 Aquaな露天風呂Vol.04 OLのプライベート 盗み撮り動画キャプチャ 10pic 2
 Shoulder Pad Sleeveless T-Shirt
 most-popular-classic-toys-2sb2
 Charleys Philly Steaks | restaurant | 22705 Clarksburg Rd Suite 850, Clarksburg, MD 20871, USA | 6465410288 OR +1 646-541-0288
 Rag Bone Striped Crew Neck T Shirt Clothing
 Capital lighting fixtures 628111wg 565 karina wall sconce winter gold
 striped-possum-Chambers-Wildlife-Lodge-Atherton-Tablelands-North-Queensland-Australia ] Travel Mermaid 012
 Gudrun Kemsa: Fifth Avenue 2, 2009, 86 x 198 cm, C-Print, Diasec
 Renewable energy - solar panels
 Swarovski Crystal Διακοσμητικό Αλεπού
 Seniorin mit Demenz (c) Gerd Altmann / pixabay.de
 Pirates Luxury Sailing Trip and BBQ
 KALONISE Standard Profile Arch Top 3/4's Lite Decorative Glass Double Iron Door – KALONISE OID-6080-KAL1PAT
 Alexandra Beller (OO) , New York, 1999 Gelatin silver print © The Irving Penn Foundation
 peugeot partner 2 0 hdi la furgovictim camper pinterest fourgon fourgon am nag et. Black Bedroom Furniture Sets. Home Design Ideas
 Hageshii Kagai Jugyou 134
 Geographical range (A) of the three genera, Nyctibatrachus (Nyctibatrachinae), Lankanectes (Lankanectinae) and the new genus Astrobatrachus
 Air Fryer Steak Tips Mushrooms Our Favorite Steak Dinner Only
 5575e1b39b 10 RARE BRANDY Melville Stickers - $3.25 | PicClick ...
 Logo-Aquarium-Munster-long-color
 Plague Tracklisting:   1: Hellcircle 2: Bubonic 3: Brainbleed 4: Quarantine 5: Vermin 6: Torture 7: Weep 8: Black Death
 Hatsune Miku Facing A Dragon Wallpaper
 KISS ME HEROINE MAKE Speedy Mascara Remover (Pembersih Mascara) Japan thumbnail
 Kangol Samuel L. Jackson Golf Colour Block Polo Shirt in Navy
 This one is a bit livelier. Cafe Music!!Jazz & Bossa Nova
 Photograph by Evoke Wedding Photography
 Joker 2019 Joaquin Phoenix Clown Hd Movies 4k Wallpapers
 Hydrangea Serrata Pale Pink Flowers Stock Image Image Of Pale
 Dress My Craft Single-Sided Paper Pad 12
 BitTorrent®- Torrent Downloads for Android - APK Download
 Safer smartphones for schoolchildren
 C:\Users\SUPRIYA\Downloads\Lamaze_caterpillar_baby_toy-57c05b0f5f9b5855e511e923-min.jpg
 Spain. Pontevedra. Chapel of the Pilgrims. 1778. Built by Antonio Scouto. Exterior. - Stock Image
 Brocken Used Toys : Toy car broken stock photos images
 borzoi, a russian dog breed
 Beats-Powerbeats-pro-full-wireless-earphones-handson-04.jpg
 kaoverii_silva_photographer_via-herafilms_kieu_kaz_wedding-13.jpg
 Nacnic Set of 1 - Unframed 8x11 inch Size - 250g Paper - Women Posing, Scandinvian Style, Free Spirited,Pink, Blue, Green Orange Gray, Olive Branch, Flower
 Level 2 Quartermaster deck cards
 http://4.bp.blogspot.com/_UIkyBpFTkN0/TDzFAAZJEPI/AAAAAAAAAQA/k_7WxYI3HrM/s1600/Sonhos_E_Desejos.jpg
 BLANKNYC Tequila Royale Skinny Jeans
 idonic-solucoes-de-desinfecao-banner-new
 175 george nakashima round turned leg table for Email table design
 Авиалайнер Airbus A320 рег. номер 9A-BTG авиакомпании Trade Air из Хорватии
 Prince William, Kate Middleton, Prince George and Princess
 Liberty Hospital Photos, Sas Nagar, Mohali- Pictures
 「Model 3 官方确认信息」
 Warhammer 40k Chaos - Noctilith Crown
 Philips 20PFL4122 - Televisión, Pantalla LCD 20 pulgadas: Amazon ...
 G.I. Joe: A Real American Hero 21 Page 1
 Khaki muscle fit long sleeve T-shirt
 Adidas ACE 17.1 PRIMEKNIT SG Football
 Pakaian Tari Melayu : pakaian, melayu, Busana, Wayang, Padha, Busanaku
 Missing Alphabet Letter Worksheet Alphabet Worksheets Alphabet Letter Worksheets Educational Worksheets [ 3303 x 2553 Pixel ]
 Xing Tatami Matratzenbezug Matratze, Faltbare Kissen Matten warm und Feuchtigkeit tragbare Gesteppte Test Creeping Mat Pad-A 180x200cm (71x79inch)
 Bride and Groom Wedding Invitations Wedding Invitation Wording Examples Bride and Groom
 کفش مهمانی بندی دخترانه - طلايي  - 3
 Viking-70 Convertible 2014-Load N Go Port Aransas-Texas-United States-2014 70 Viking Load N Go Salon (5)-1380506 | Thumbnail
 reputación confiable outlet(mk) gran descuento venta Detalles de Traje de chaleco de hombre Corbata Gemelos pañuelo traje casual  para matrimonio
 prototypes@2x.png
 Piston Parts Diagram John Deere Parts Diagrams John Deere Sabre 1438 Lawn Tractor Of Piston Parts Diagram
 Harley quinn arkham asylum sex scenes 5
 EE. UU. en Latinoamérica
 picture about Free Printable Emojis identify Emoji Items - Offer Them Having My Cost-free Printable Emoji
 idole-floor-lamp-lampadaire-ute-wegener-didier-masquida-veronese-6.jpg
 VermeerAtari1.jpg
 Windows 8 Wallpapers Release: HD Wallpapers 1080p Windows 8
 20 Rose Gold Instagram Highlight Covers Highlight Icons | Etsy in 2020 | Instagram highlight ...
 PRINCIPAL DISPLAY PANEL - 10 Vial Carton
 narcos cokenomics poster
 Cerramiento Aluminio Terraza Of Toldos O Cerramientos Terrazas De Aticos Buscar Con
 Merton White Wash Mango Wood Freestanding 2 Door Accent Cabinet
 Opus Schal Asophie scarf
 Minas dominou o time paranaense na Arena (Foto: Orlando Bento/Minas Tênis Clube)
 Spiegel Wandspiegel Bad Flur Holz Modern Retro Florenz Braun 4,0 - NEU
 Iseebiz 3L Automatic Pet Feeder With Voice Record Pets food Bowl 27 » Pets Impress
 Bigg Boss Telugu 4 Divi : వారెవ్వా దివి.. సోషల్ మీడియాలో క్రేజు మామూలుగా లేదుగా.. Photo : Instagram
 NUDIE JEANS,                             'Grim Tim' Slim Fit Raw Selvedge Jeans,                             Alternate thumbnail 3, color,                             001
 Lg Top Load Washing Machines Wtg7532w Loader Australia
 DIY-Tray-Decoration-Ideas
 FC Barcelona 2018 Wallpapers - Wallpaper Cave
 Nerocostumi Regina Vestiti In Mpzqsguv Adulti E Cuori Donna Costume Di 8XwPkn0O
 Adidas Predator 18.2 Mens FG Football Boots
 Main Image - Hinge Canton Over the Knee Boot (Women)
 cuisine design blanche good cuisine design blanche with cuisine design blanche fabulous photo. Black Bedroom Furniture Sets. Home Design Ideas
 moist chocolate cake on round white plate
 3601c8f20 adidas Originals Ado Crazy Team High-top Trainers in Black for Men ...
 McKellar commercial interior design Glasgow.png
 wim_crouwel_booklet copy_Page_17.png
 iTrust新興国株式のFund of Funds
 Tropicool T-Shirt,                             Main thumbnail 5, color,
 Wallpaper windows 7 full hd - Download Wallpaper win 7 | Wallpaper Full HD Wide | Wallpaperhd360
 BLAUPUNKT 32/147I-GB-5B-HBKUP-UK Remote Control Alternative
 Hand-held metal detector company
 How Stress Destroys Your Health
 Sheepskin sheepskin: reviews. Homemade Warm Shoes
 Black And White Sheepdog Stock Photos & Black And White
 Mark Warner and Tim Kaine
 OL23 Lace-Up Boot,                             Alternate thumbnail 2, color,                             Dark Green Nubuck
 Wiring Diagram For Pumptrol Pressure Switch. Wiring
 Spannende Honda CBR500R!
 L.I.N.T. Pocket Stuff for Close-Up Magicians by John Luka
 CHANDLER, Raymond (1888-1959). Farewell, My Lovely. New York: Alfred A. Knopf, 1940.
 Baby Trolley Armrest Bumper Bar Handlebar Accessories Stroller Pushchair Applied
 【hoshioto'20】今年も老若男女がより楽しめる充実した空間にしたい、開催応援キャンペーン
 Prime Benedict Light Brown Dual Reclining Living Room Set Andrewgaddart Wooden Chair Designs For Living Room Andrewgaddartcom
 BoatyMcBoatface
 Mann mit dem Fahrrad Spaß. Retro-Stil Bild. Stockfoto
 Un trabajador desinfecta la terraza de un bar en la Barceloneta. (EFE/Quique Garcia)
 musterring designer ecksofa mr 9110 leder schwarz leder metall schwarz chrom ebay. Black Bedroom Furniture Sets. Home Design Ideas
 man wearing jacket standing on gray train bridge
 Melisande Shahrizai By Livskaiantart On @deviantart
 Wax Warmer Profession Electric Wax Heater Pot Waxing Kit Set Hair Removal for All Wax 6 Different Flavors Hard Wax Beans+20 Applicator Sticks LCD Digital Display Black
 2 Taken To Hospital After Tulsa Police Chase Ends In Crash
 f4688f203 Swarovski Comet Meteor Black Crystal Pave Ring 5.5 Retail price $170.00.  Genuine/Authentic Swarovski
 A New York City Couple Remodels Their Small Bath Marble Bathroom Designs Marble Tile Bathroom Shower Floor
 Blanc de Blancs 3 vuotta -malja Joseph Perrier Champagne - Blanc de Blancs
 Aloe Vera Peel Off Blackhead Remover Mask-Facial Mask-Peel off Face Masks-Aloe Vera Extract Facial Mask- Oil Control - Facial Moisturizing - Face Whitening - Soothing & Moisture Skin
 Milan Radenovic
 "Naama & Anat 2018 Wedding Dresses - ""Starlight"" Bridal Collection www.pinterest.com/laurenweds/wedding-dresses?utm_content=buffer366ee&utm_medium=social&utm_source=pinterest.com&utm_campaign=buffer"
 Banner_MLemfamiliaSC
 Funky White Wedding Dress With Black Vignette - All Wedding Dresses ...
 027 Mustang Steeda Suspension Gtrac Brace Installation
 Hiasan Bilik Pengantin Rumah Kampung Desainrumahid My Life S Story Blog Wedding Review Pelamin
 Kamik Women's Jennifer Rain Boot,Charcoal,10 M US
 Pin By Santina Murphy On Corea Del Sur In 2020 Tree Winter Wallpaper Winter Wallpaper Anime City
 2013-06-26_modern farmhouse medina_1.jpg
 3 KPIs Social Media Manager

--------------------

Problem requirements: Only the lines above from the one with "3601c8f20 adidas Originals" up to and including the one with "L.I.N.T. Pocket Stuff" should be repeated, exactly as written.

Output for this exercise:
 3601c8f20 adidas Originals Ado Crazy Team High-top Trainers in Black for Men ...
 McKellar commercial interior design Glasgow.png
 wim_crouwel_booklet copy_Page_17.png
 iTrust新興国株式のFund of Funds
 Tropicool T-Shirt,                             Main thumbnail 5, color,
 Wallpaper windows 7 full hd - Download Wallpaper win 7 | Wallpaper Full HD Wide | Wallpaperhd360
 BLAUPUNKT 32/147I-GB-5B-HBKUP-UK Remote Control Alternative
 Hand-held metal detector company
 How Stress Destroys Your Health
 Sheepskin sheepskin: reviews. Homemade Warm Shoes
 Black And White Sheepdog Stock Photos & Black And White
 Mark Warner and Tim Kaine
 OL23 Lace-Up Boot,                             Alternate thumbnail 2, color,                             Dark Green Nubuck
 Wiring Diagram For Pumptrol Pressure Switch. Wiring
 Spannende Honda CBR500R!
 L.I.N.T. Pocket Stuff for Close-Up Magicians by John Luka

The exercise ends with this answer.